The Paradox of Nigerian Crude Oil Divestment and Climate Change (

The Paradox of Nigerian Crude Oil Divestment and Climate Change


In the past decade, a total of 26 Oil Mining licences have been divested by the IOCs in the Niger Basin area of Nigeria with even more to be sold in the near future.

Shell intends to sell off approximately 2.3 billion worth of oil and gas assets, while Enis divestment plan amounts to about 5 billion, and ExxonMobil is looking to offload 15 billion of its assets.

There is a lack of sustainability practices, environmental commitments and fewer reporting standards by the local oil and gas players especially in the Niger Delta area located in the south of the country.

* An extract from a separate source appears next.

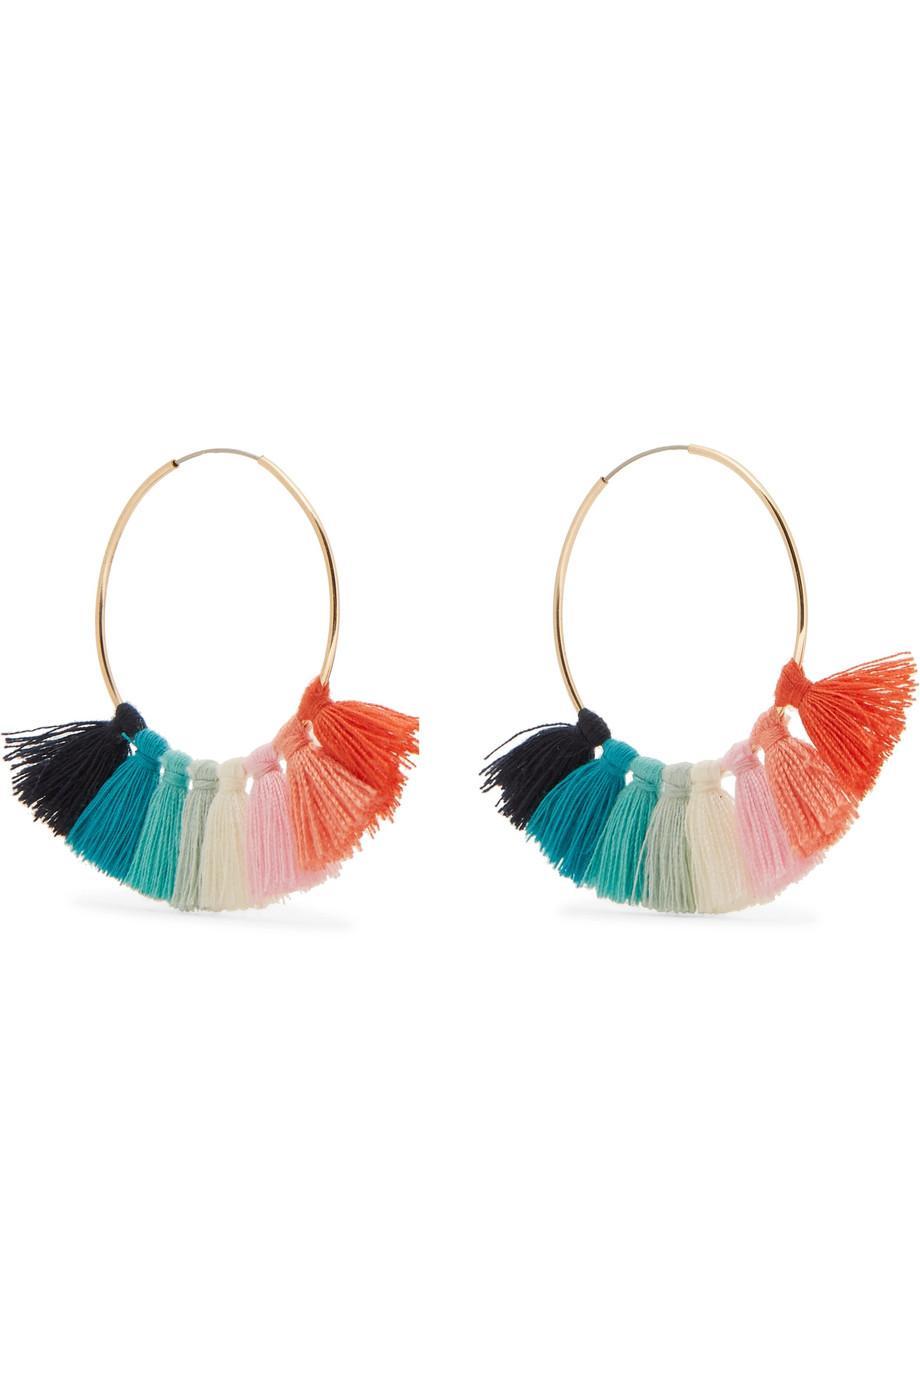 Kenneth Jay Lane Gold-tone Tasseled Hoop Earrings

For instance, in the Nembe region, where settlements tend to emerge from dense mangrove swamps, locals recounted that oil spewed uncontrollably for more than one month before some interventions were put in place to halt the leakage.

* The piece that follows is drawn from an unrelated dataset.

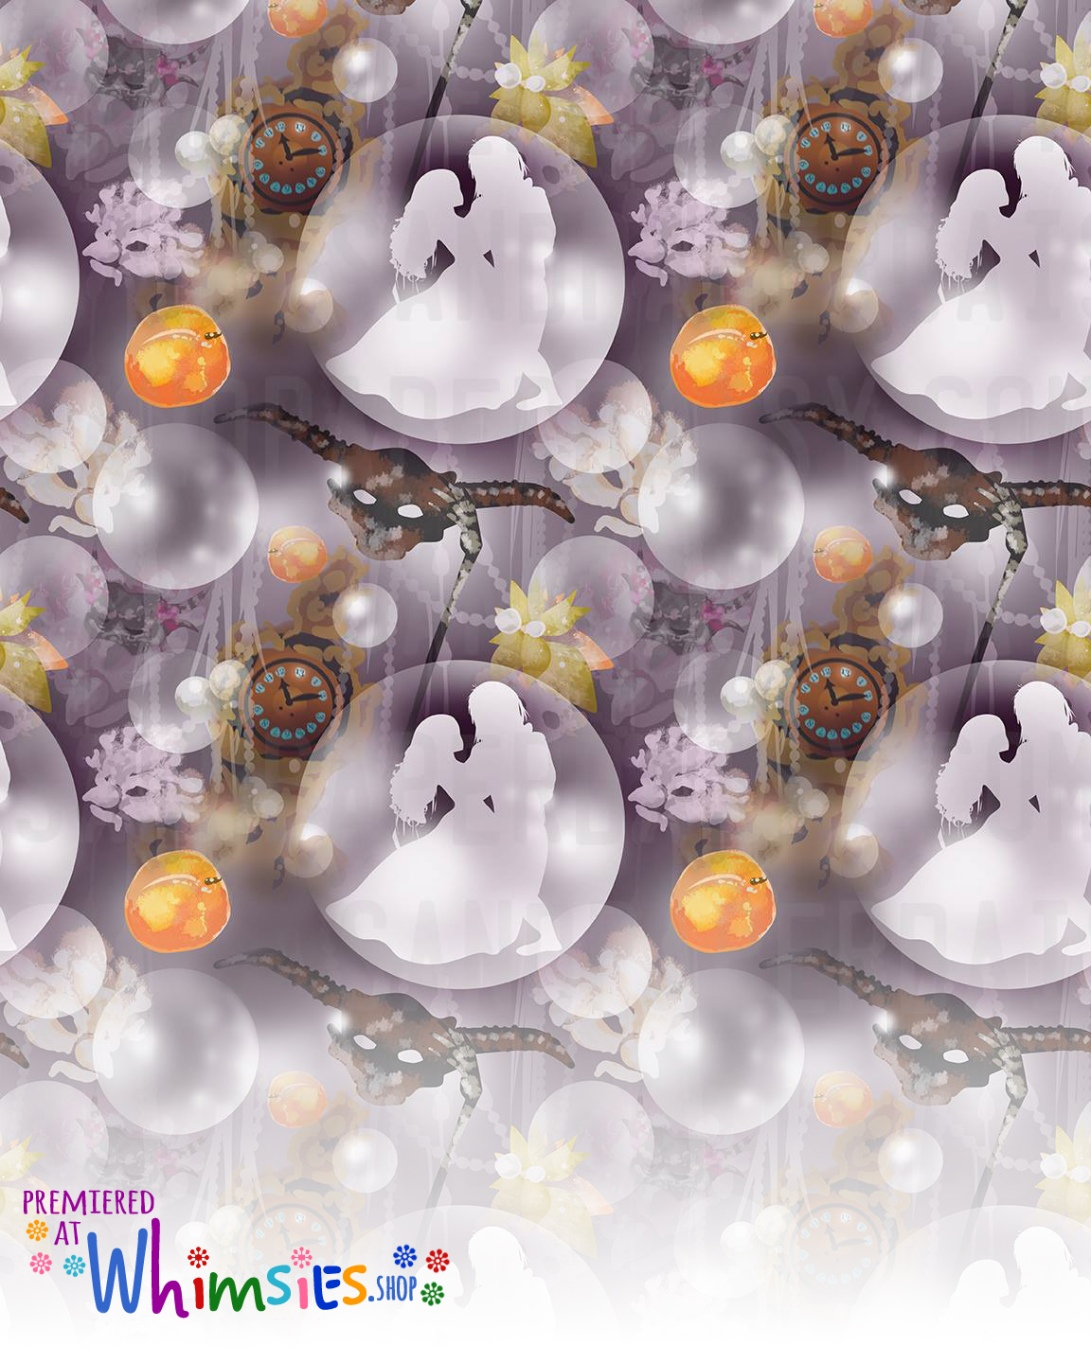 Labyrinth-Ballroom_pattern_sandpaperdaisy

In the past few months, the government has succeeded in leading the bidding rounds for 57 marginal oilfields with approximately 130 firms being granted Petroleum Prospecting Licences (PPLs) to develop the fields.

Impact on climate change

The sale of oil assets and infrastructure by the IOCs in Nigeria is in keeping with their obligation to ensure energy transition mostly as a result of campaigns from several quarters to further curb climate change.